Ia menjelaskan, definisi remisi dalam Pasal 14 ayat (1) huruf i Undang-Undang Nomor 12 Tahun 1995 tentang Pemasyarakatan, adalah pengurangan masa pidana yang menjadi hak bagi narapidana.
Kemudian pelaksanaan hak-hak bagi warga binaan diatur lebih lanjut melalui Peraturan Pemerintah (PP).
Di dalam Pasal 1 angka 6 PP Nomor 32 Tahun 1999 tentang tentang Syarat Dan Tata Cara Pelaksanaan Hak Warga Binaan Pemasyarakatan, juga disebutkan bahwa remisi merupakan pengurangan masa menjalani pidana.
Namun, turunan dari PP tersebut, Keppres Nomor 174 Tahun 1999 yang menjadi landasan pemberian remisi Susrama, menyatakan bahwa pidana penjara seumur hidup dapat diubah.
Pada pasal 9 Keppres itu disebutkan bahwa "Narapidana yang dikenakan pidana penjara seumur hidup dan telah menjalani pidana paling sedikit 5 (lima) tahun berturut-turut serta berkelakuan baik, dapat diubah pidananya menjadi pidana sementara, dengan lama sisa pidana yang masih harus dijalani paling lama 15 (lima belas) tahun".

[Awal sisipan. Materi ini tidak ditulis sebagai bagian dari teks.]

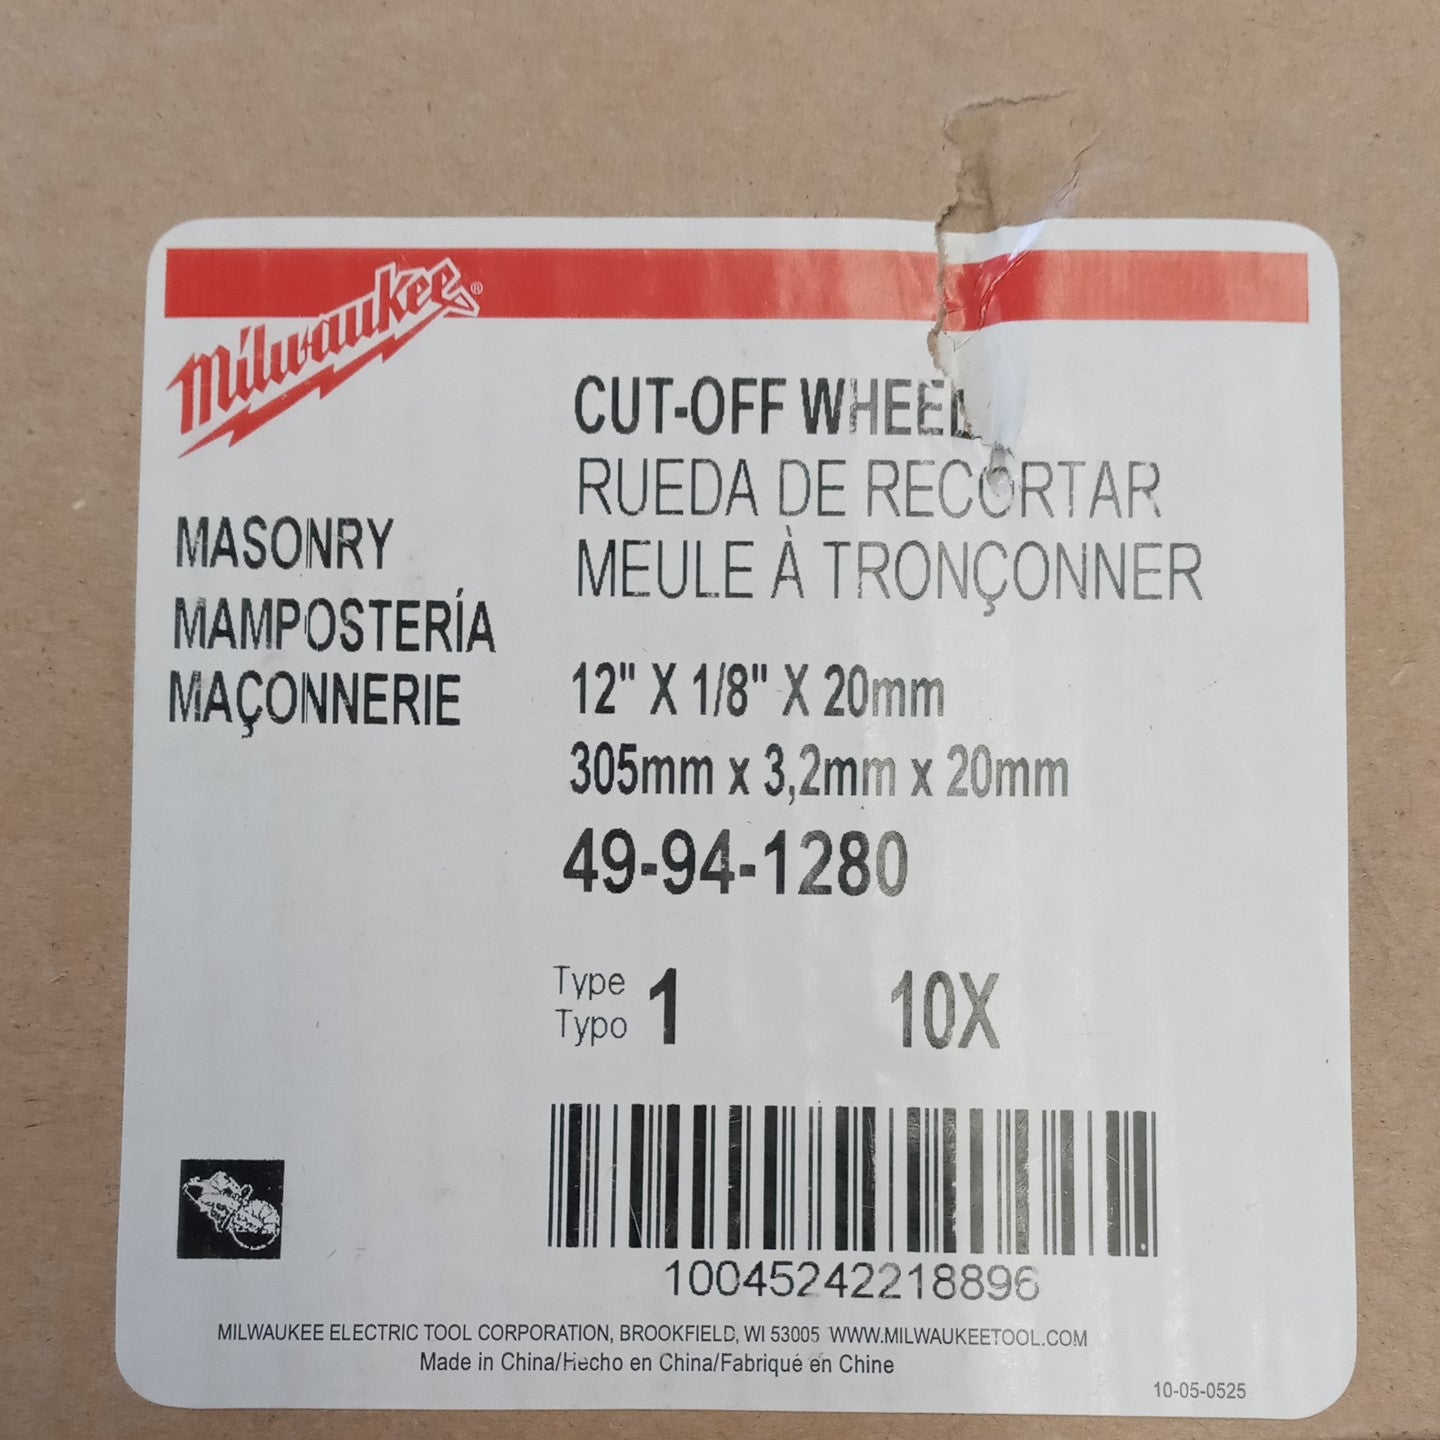 Milwaukee 49-94-1280 Masonry Cut-Off Wheel 12"x1/8"x20mm Type 1, 10pcs

Selain itu, PP Nomor 28 Tahun 2006 tentang Perubahan atas PP Nomor 32 Tahun 1999 menyebutkan bahwa ketentuan remisi diatur dalan Peraturan Presiden.
Namun, Keppres Nomor 174 Tahun 1999 tersebut tidak kunjung diubah hingga saat ini.

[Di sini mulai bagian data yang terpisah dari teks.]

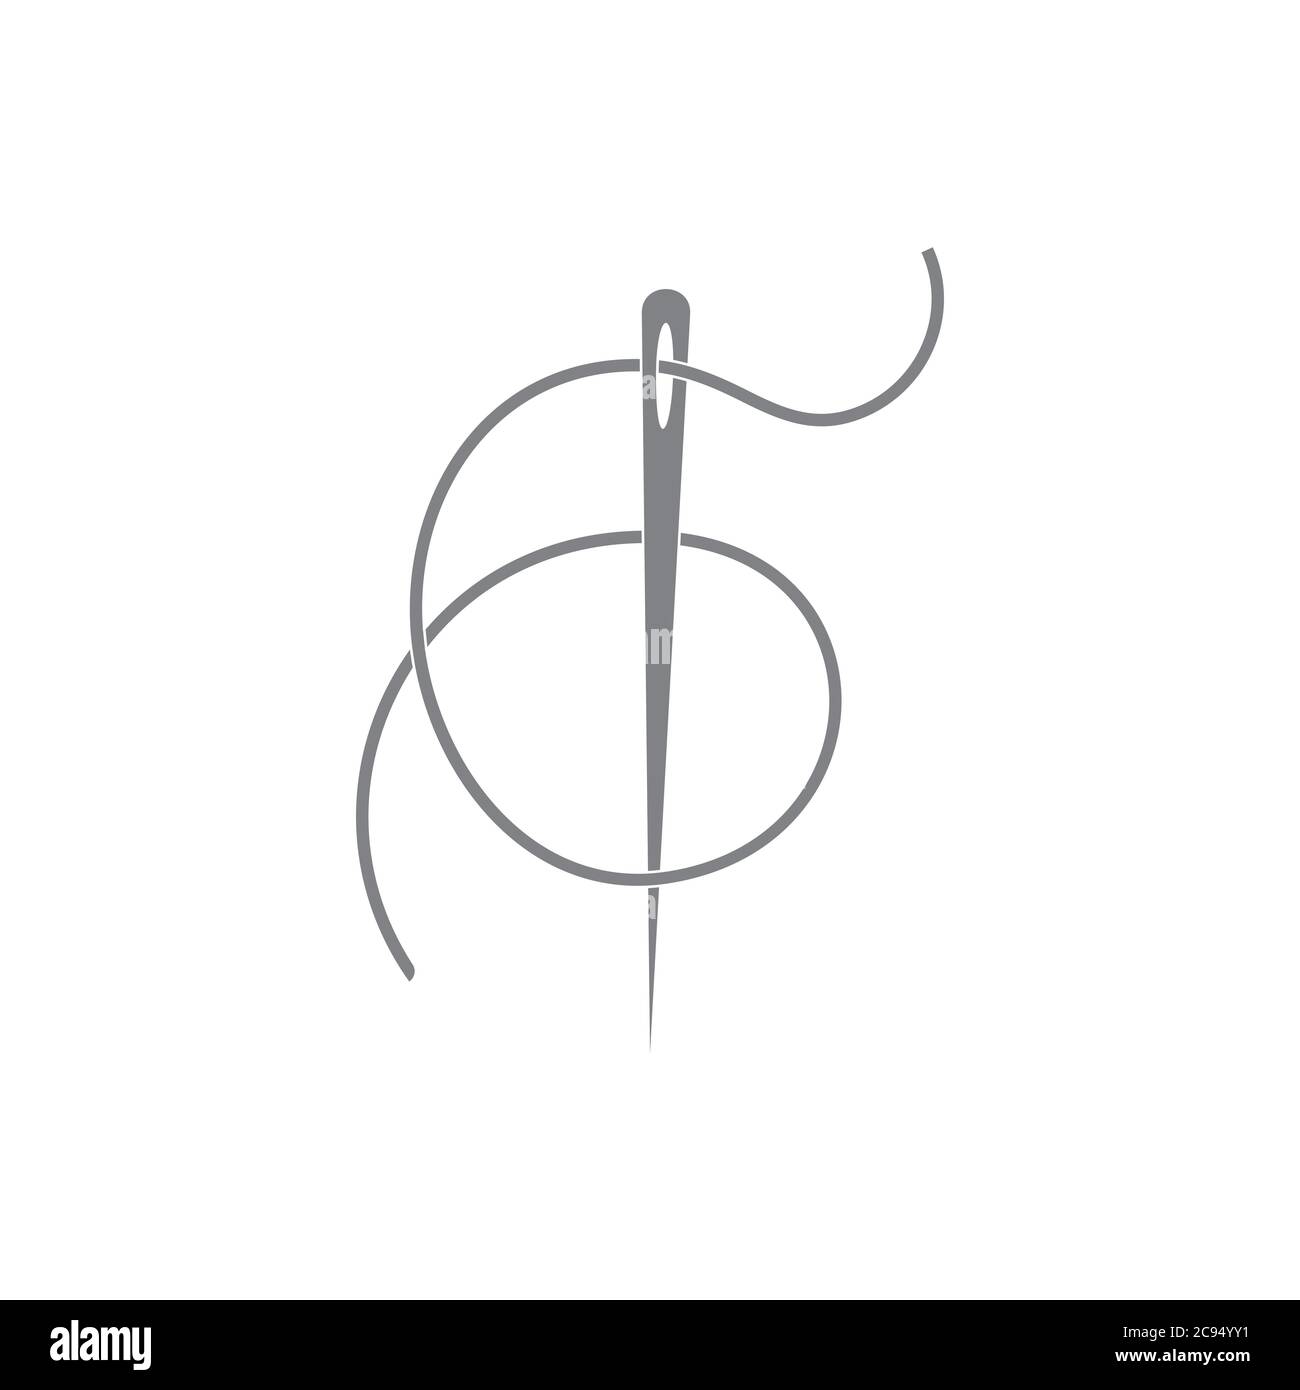 hilo aguja simple vector logo Imagen Vector de stock

Baca juga: Jokowi Diminta Menjawab Keberatan Para Jurnalis Terkait Remisi Susrama
"Jadi mau tidak mau Keppres 174 yang sekarang digunakan presiden untuk menerbitkan Keppres 29 Tahun 2018, mestinya Keppres ini sudah harus diganti, harus dicabut, kemudian dibentuk peraturan yang baru sebagaimana amanat dari PP terbaru," terangnya.
Oce mengatakan, Keppres tersebut berpotensi menimbulkan polemik kembali jika tidak direvisi.
"Kalau peraturan ini masih eksis, ke depan akan muncul lagi kebijakan yang katakanlah akan memicu protes publik atau kontroversi di publik," terang Oce.